Multiple iterations of logistic regression analysis revealed that the combination of the IMX-BVN-3 and IMX-SEV-3 metrics with procalcitonin levels did not yield significantly better performance. This is not surprising, because correlation coefficients among the different biomarkers—including IMX-SEV-3—and SOFA scores were all highly statistically significant (correlation coefficients, 0.42 for IL-6 levels, 0.58 for procalcitonin levels, and 0.39 for SOFA score) (eTable 3 in the Supplement). Although these models did not identify any significant improvement by combining IMX-BVN-3 and IMX-SEV-3 metrics with the SOFA score, a hierarchical approach may yield added utility in specific high-risk subsets. A proposed framework for using IMX-SEV-3 severity scores to further stratify risk for 30-day mortality is illustrated in eFigure 5 in the Supplement. The overall incidence (or pretest probability) of 30-day mortality was 7%. Patients with day 1 SOFA scores of 6 or greater had approximately 15% mortality, whereas patients with day 1 SOFA scores less than 6 had approximately 5% mortality. Further stratification by IMX-SEV-3 severity scores in high, moderate, or low categories revealed that in patients with a SOFA score of 6 or greater, an IMX-SEV-3 severity score indicating that 30-day mortality risk was high had a mortality incidence of 36%; an IMX-SEV-3 score indicating that 30-day mortality risk was moderate, 6%; and an IMX-SEV-3 score indicating that 30-day mortality risk was low, 0. Similarly, IMX-SEV-3 score categories allowed further stratification of patients with SOFA scores less than 6 into 3 distinct groups with 30-day mortality incidence of 0 (low risk), 4% (moderate risk), and 29% (high risk).

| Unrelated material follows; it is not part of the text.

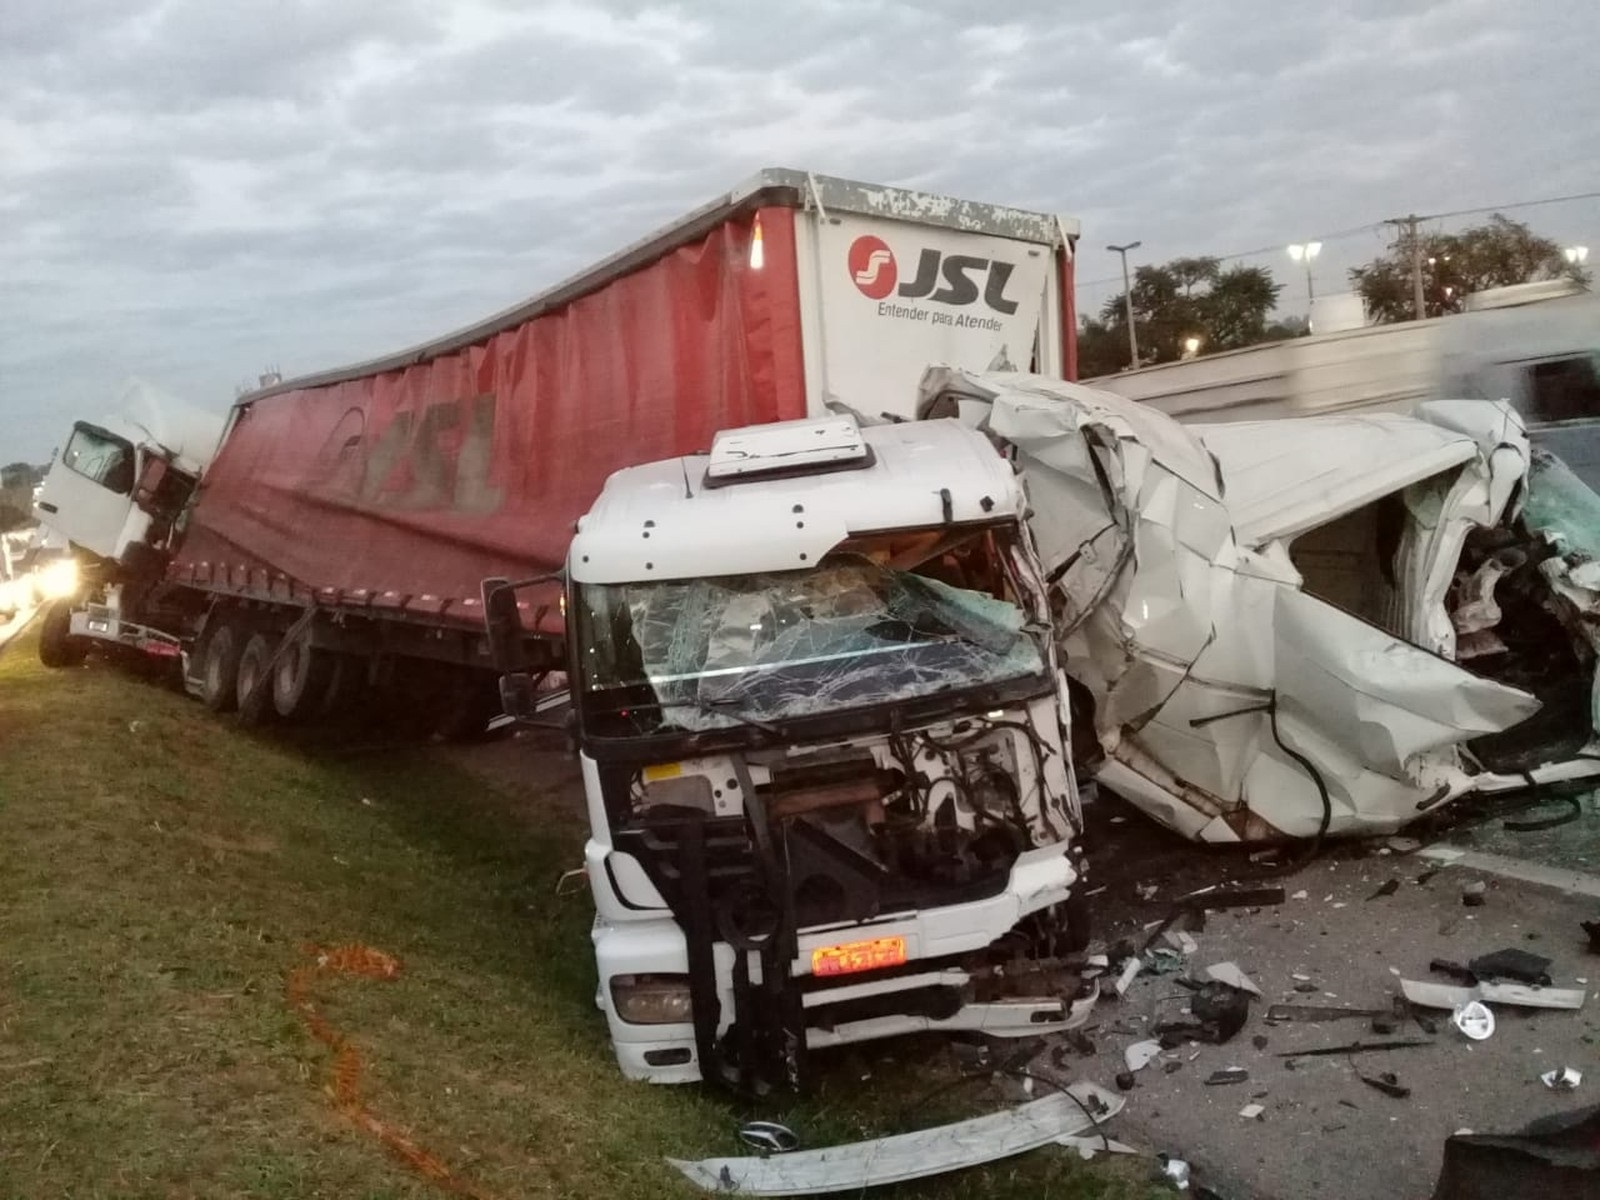 Acidente na Rodovia Dom Gabriel Paulino Bueno Couto aconteceu na madrugada desta terça-feira (30) (Foto: Ademir Martimiano/Arquivo pessoal)
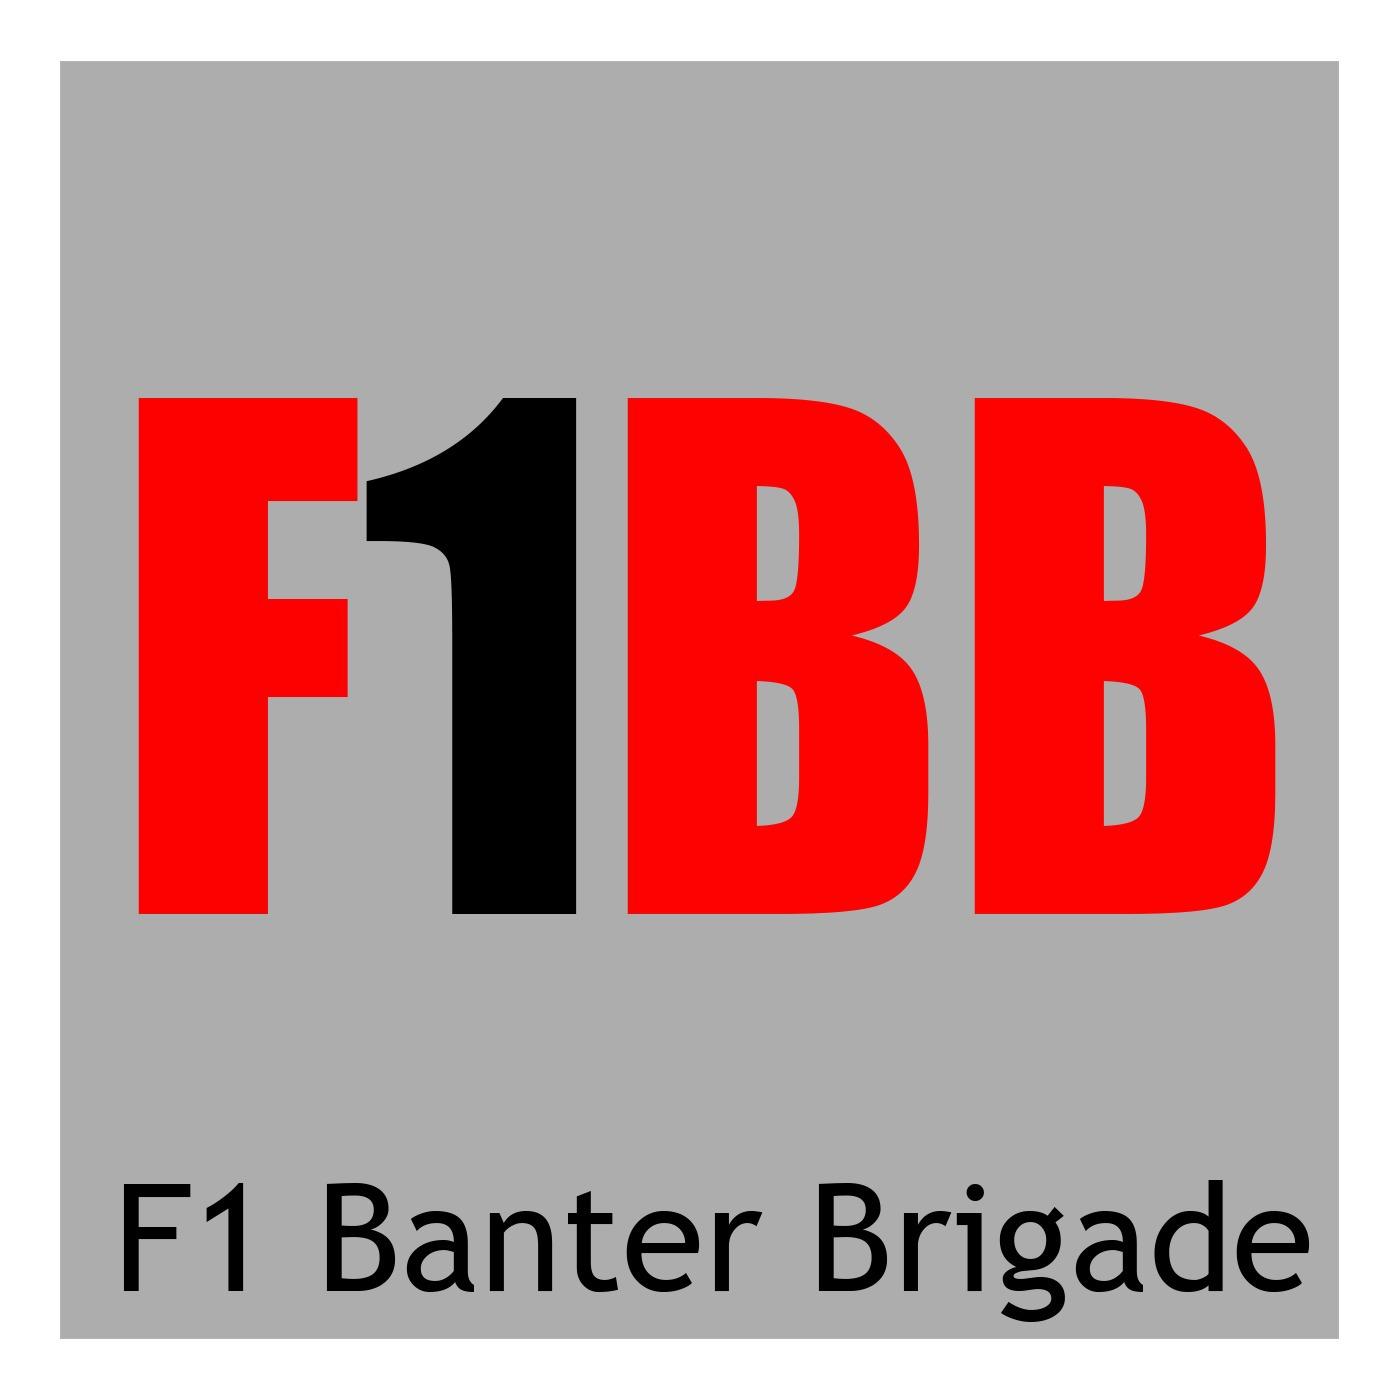 F1 Banter Brigade

Time Series Measurements for IMX-SEV-3 and IMX-BVN-3

We asked whether day-by-day changes in IMX scores differed between infected and noninfected patients and those who survived vs those who died. As expected, IMX-BVN-3 bacterial scores were significantly higher in infected compared with noninfected patients and declined significantly over time as the infections resolved (eFigure 3 in the Supplement). Even in noninfected patients, IMX-BVN-3 scores declined over time, although the rate of decline as determined by linear mixed-effects modeling was significantly less, as shown by the negative coefficient associated with the interaction term between hospital days and having a bacterial infection (−0.01 [P = .01]) (eFigure 3 in the Supplement). Interestingly, we did not observe this consistent decline among the 11 patients from the crossover cohort. Rather, when time was normalized to the day these patients developed sepsis, their IMX-BVN-3 scores increased and peaked on the day of sepsis, then declined rapidly once treatment was initiated (Figure 4A). When we visually compared IMX-BVN-3 with procalcitonin levels in the crossover cohort, it appeared that IMX-BVN-3 peaked on the day of diagnosis of new infection, whereas procalcitonin levels appeared to peak 1 day later. Given the small number of patients in the crossover cohort, this observation is hypothesis generating only (Figure 4B).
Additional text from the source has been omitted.